Find $z_{\alpha/2}$ for an $84\%$ confidence interval.

$P(z>1.41)= 0.08$, so $z_{\alpha/2}=1.41$.Find $z_{\alpha/2}$ for a $93\%$ confidence interval.

$P(z>1.81)= 0.035$, so $z_{\alpha/2}=1.81$.How many times should we flip a coin to get a $98\%$ confidence interval for the probability that the coin lands heads with margin of error at most .01?

$n=(.5)(.5)\left({2.33\over .01}\right)^2=13572.25$ Round up to 13573.How large a sample would you need in order to estimate within $2\%$ the probability of rolling a "six" on a 6-sided die with $90\%$ confidence? In a pilot study, the die was rolled 200 times and landed on "six" 79 times.

$n=(79/200)(121/200)\left({1.645\over .02}\right)^2=1616.68$ Round up to 1617.In a sample of 100 M&M's, 8 of them were brown. Find a $94\%$ confidence interval for the proportion of M&M's that are brown.

$E=0.0510$ and $0.029 \lt p \lt0.131$. We are $94\%$ confident that the proportion of brown M&M's is between $2.9\%$ and $13.1\%$.The coin lands heads 48 times out of 100 tosses. Find a $97\%$ confidence interval for the probability that the coin lands heads.

$E=0.108$ and $0.372 \lt p \lt 0.588$. We are $97\%$ confident that the probability that the coin lands heads is in the interval $[0.372,0.588]$.The American Automobile Association claims that $54\%$ of fatal car/truck accidents are caused by driver error. A researcher studies 35 randomly selected accidents and finds that 14 were caused by driver error. Find a $92\%$ confidence interval for the proportion of fatal car/truck accidents caused by driver error.

$E=0.1449$ and $ 0.255 \lt p \lt 0.545$. We are $92\%$ confident that the proportion of fatal car/truck accidents caused by driver error is between 0.255 and 0.545.A survey showed that among 785 randomly selected subjects who completed four years of college, $18.3\%$ smoke. Find a $96\%$ confidence interval for the proportion of those with four years of college who smoke.

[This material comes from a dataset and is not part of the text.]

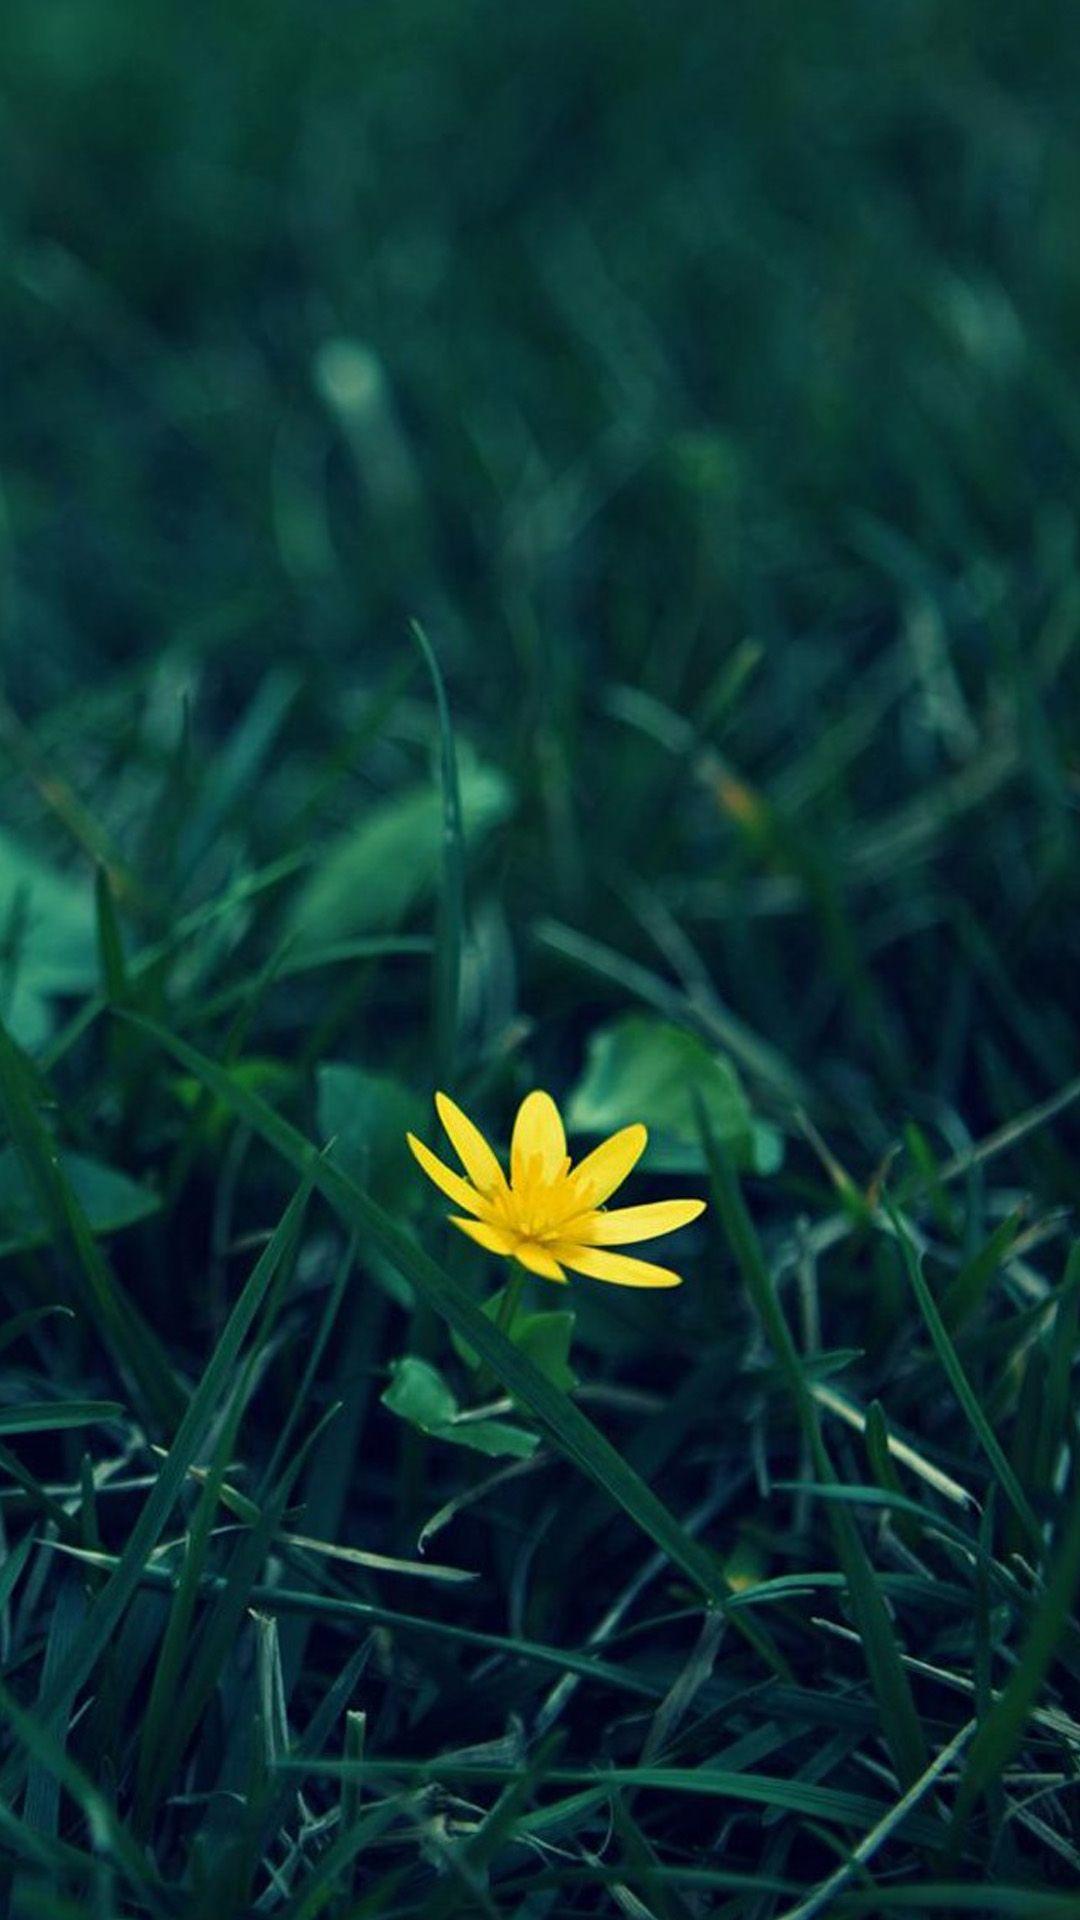 Nature Little Yellow Flower Green Grassland Blur Background IPhone 6 Pluswallpaper

$E=0.028$ and $0.155 \lt p \lt 0.211$ We are $96\%$ confident that the probability that the proportion of those with four years of college who smoke is in the interval $[15.5\%,21.1\%]$.In a random sample of 250 children, it was found that 87 children were dressed as movie characters for Halloween. Find a $92\%$ confidence interval for the proportion of children who dress as movie characters for Halloween.

$E=0.0527$ and $0.295 \lt p \lt 0.401$ We are $92\%$ confident that the proportion of children who dress as movie characters for Halloween is between 0.295 and 0.401.A $90\%$ confidence interval for the proportion of the population in favor of an issue is $.41 \lt p \lt .47$. Give the point estimate and the maximum error of the estimate.

$\widehat{p} = (.41+.47)/2=.44$ and $E=(.47-.41)/2=.03$For a random sample of students, a $95\%$ confidence interval for the proportion who prefer chocolate ice cream is $[0.31, 0.39]$. Find the point estimate and the margin of error.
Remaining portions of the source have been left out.